- Genre: Festival of contemporary chamber music
- Begins: Weekend, end of April
- Frequency: Annual
- Locations: Witten, Germany
- Inaugurated: 1936
- Patrons: Witten; Westdeutscher Rundfunk;
- Website: www.wittenertage.de

= Wittener Tage für neue Kammermusik =

The Wittener Tage für neue Kammermusik (Witten Days for New Chamber Music) is a music festival for contemporary chamber music, jointly organised by the town Witten in the Ruhr Area and the broadcasting station Westdeutscher Rundfunk (WDR). The concerts take place over a weekend at the end of April or in early May, and concentrate on world premieres of small-scale works, more than 600 as of 2010. They are broadcast worldwide via the European Broadcasting Union.

== History ==
The composer Robert Ruthenfranz founded the Wittener Musiktage in 1936. After World War II the festival was held at irregular intervals (1947, 1948, 1950, 1953 and 1957), until 1960 when it became an annual event.

In 1969 the WDR took over the running of the festival, and it received its present name. From 1969 to 1989 Wilfried Brennecke of the WDR was responsible for the programming, focussing on composers portrait concert since 1978 and introducing composers from countries behind the Iron Curtain, such as Friedrich Goldmann and György Kurtág.

Since 1990 Harry Vogt, also of the WDR, has directed the program and widened the festival to all varieties of chamber music, including sound installations, improvisations and aspects of music theatre.

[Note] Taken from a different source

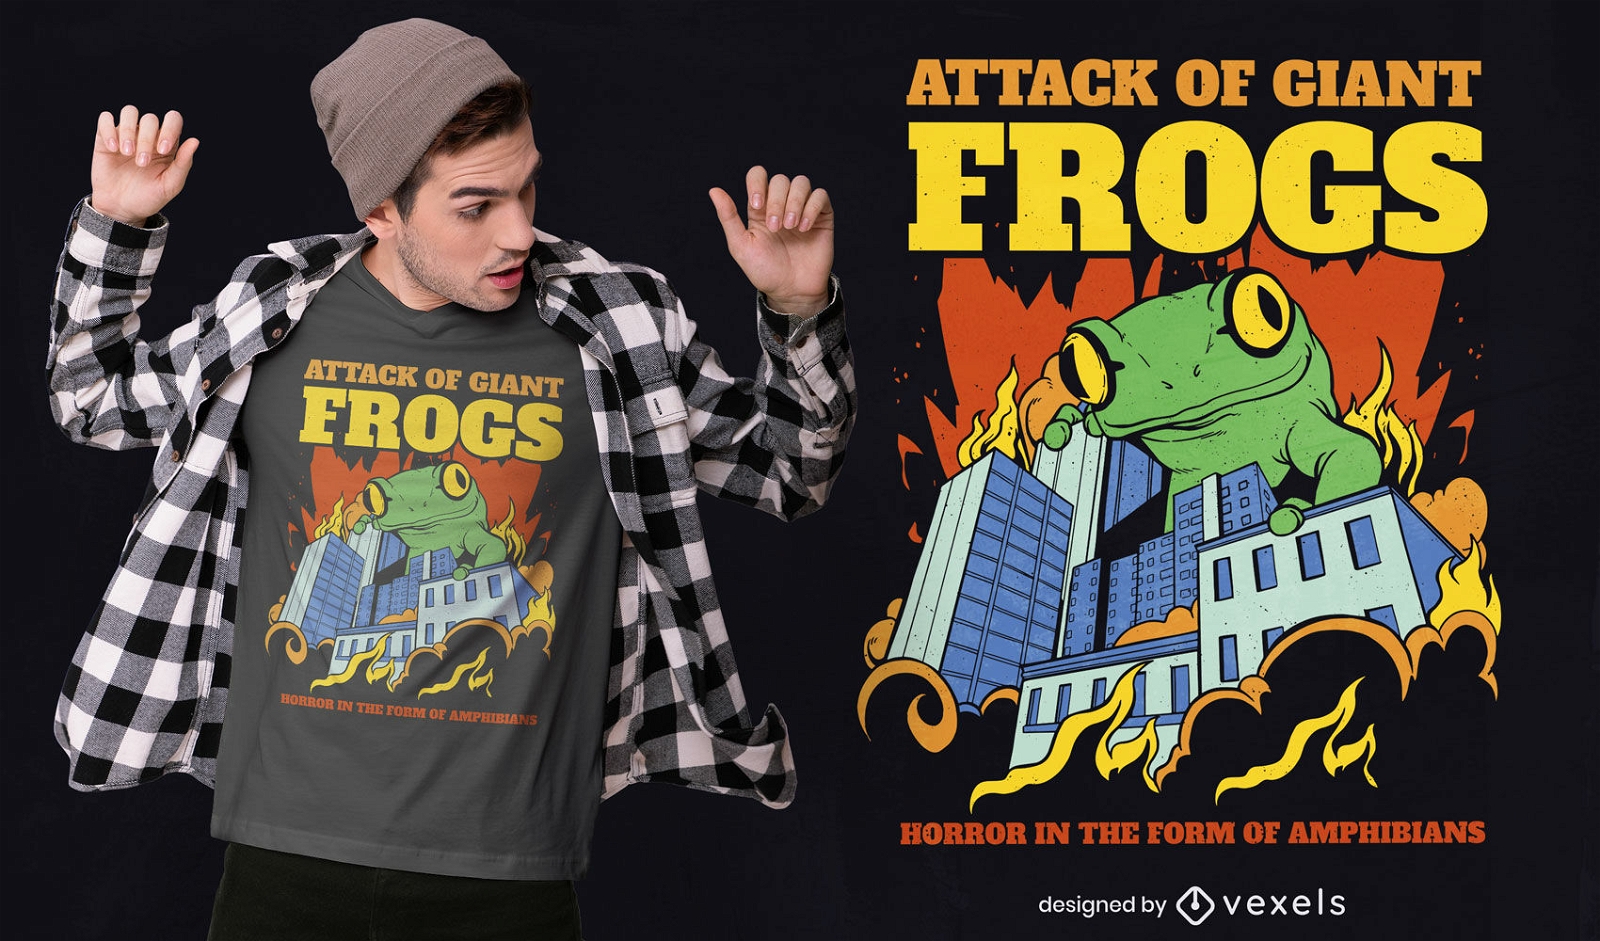 Diseño de camiseta de rana gigante atacando ciudad.

Among others, the ensemble recherche from Freiburg, Klangforum Wien, the Arditti String Quartet and the Ensemble Modern have been regular performers. More recently, the Ascolta and musikFabrik ensembles have also taken part. Starting in 1999, ensemble recherche began commissioning an ongoing series of short In Nomine compositions for the festival, dedicated to Harry Vogt, collectively titled the Witten In Nomine Broken Consort Book. Composers who have contributed pieces to this series have included Brian Ferneyhough, Georg Friedrich Haas, Toshio Hosokawa, György Kurtág, Claus-Steffen Mahnkopf, Gérard Pesson, Robert H.P. Platz, Rolf Riehm, Wolfgang Rihm, Salvatore Sciarrino, Matthias Pintscher, Hans Zender, and Walter Zimmermann.

The festival of 2010 was an event of the European Capital of Culture in the Ruhrgebiet, called RUHR.2010. Featured composers were Matthias Pintscher and Jörg Widmann, both students of Hans Werner Henze. Other composers included Beat Furrer who founded the ensemble Klangforum Wien 25 years before, Enno Poppe (1969), Salvatore Sciarrino, Bernhard Lang and Friedrich Cerha.

The festival has been compared to the Donaueschinger Musiktage. The Goethe-Institut states its importance:
Westdeutscher Rundfunk (WDR) ... has staunchly supported contemporary music ..., playing a leading role from 1968 on at the Wittener Tage für neue Kammermusik, probably the most important contemporary music festival after Donaueschingen. With its focus on small formations, Witten thrives on its high standards of composition and interpretation. This festival has pioneered major developments in the history of musical genres, including the renaissance of the string quartet, that would not have been conceivable without its advocacy.